The emerging countries of Asia make up a multifarious group, both in terms of the structural conditions of each economy as well as the economic policies adopted. Two neighbours, Malaysia and Indonesia, are a case in point. Both are becoming increasingly important thanks to favourable but clearly different economic advantages.

Malaysia is a country which, with an average per capita income of around 16,000 euros (in purchasing power parity) and in the midst of shift towards a much more services-oriented economy, is in a position to become an advanced economy within less than one generation. This position has led to a range of highly ambitious government programmes to reform its economy. The two main levers are support for investment in technology, telecommunications, nuclear energy, etc. and the modernisation of its business environment, reducing corruption and improving education. Its size, relatively small by Asian standards (30 million inhabitants) and the open nature of its trade (exports of goods and services account for 82% of GDP) make this aspiration feasible.

In comparison, Indonesia is a less prosperous country (its per capita income is less than one third of Malaysia's, around 4,700 euros in purchasing power parity) with an economic model that still depends greatly on the primary sector and commodity exports. However, the contribution of these last two areas does not prevent its economy from being relatively closed (total exports represent just 24% of GDP) considering its substantial size (it has more than 251 million inhabitants and, after China and India, is the third largest economy of emerging Asia).
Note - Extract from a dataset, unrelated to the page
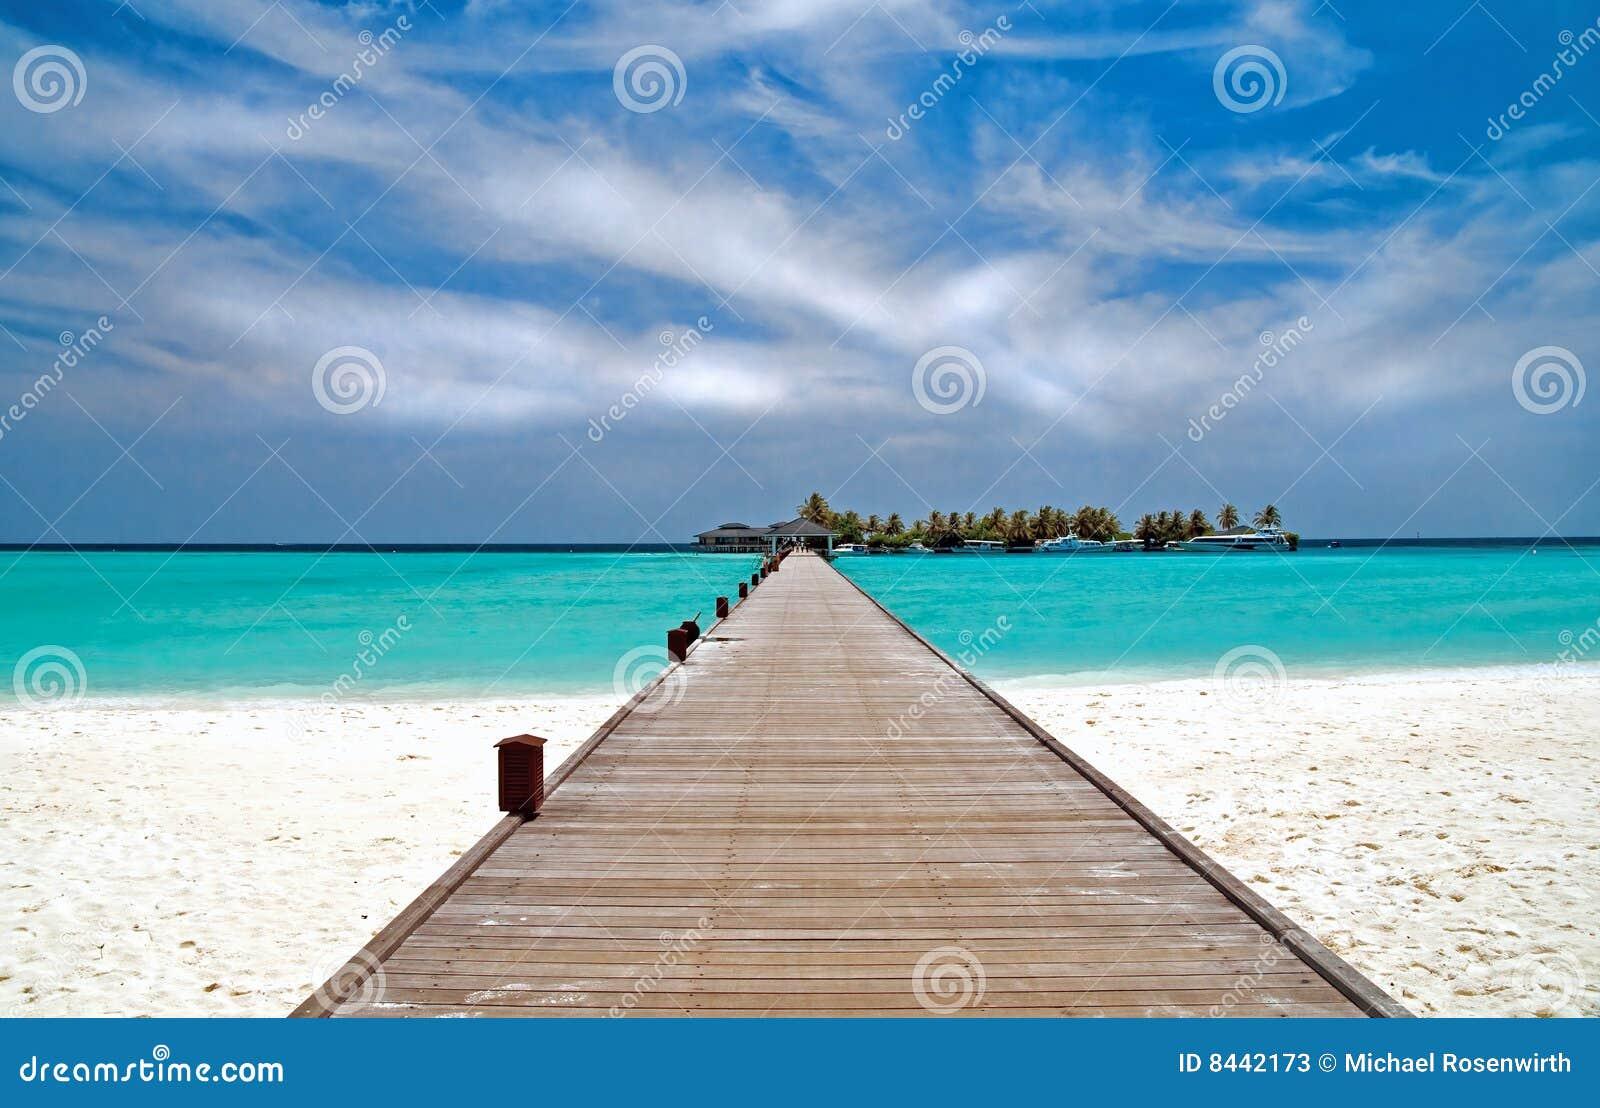 Jetty on a tropical beach

Nevertheless, the country still has a lot of potential. According to a recent study by the IMF, its long-term growth trend is around 6%.1 At this rate, the country could see a significant increase in the segment of its population with a standard of consumption befitting that of an emerging middle class: according to a study by the McKinsey Global Institute, by 2030 135 million people would make up this group, compared with 45 million in 2010.2

However, such attractive prospects need to be achieved without taking any shortcuts that may be tempting in the short term but harmful in the long run. The recent episodes of financial stress affecting the emerging economies are a warning that should not go unheard. Let us recall the chain of events. In May last year, the Federal Reserve Chairman at that time, Ben S. Bernanke, announced, by surprise, the Fed's intention to start gradually reducing its monthly bond purchases (tapering) at the end of 2013, provided the economy continued to make good progress. International investors reacted sharply: rapid rises in long-term interest rates on US government bonds and a strong upswing in global risk aversion, which hit the financial markets of a large number of countries from emerging Asia particularly hard. The region's financial environment deteriorated dramatically due to heavy capital outflows during the second half of 2013, affecting the currencies and most asset prices (sovereign bonds, corporate bonds and stock markets). There was a further outbreak of tension at the beginning of 2014, this time caused by factors such as the devaluation of the Argentine peso and the Ukraine crisis.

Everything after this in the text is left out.